Mini backpacks. Saying “Whatever!” and making a ‘w’ using both thumbs and index fingers. Kelly Bundy type bangs. Planet Hollywood.

20. I had them too

Pogs, I had them, but I didn’t really know how to play.

21. I threw up a little from laughing so hard

Limp Bizkit.

22. I knew a kid named Fernando who rocked this

Rattails

23. Hell, the 1890s was a really weird time

Scrunchies, stone washed jeans, and beanie babies…. Yeah the 90s were an odd time. But hey, at least they weren’t as weird as the 80s.

24. American Apparel sells them

Stretch pants with the elastic band that went under your foot.

25. The 90s was a vulnerable time

Remember those Big Johnson t-shirts that featured horrible puns about having a large dick? Yeah, those.

26. People have to experience it firsthand to get them to stop

I probably deserved the valuable lesson I got from wearing stupidly wide raver jeans.

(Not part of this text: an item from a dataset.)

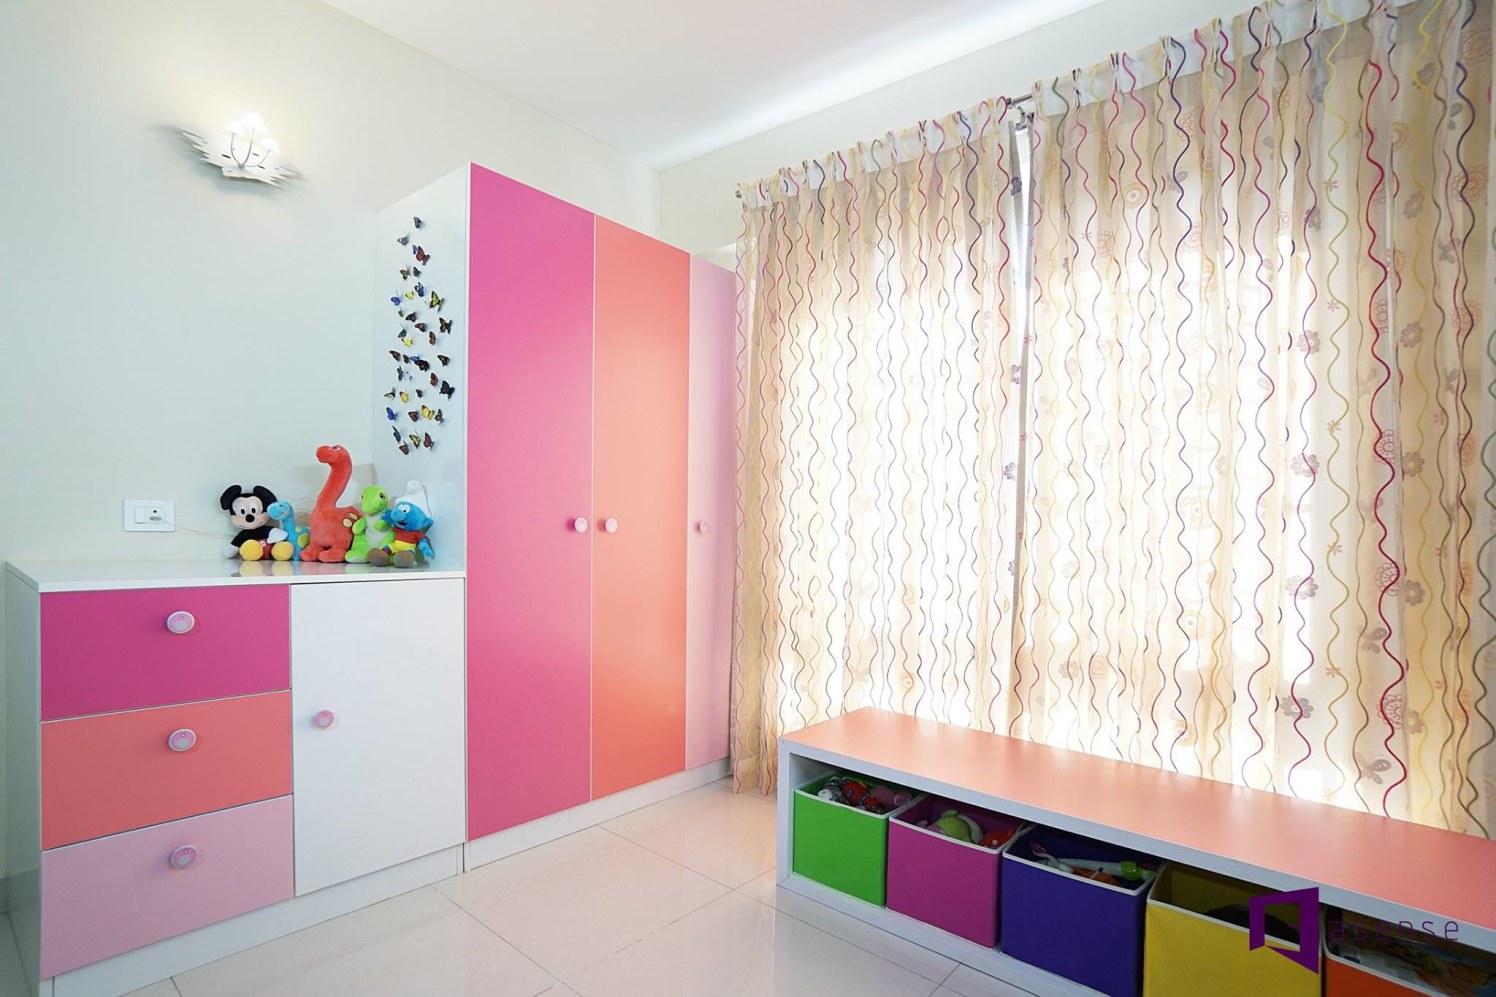 Pink ,Orange And Magenta  Wardrobe And Cabinets by Snigdha Ghosh Bedroom Contemporary | Interior Design Photos & Ideas

Jnco wasn’t enough. No, I had progressed to Kikwear. 36″ bottoms. I am not a tall lady – my legs are particularly short – so not only did the bottoms of my pants get shredded and destroyed, to the point where the heels of my sneakers tore holes in them, but I tended to look like I was a melting candle. Or a melting hovercraft of some sort, since I appeared to have no feet.

They were also prone to getting soggy if it rained. If the hems got a little wet, the dampness would start to creep north a bit. Like up to your shins.

Well, the family eventually took a trip to Ireland one summer, and I was still pretty into those stupid pants at the time.

You see, in Ireland, it rains a LOT. The ground is almost always a little bit wet. That creeping damp got serious. Nothing made me feel dumber than having my jeans soaked up to my thighs with grody, grody sogginess. All walking around feeling like I was wrapped with a wet towel. So heavy, so uncomfortable.

The best decision I made before 11th grade was buying some damn reasonable-width flare and boot-cut jeans like what pretty much every other sane girl was wearing at the time. And tossing the denim potato sacks I had been wearing previously.

27. I still can’t believe we did this

Guy’s haircut with part in the middle. Glad I avoided that one.

28. Xtra Zest

Overuse Of “X and Z” on EVERYTHING Xtreme.

29. Guy Fieri would give you a look you’d never forget

Two words: frosted tips.

30. I had velcro sandals…

Velcro strap sandals. Even worse when we wore socks with them.

31. This should basically be the Guy Fieri article

Button-down flame shirts.

Basically the fashion precursor to today’s fedora.

I’m surprised no one said Internet Explorer.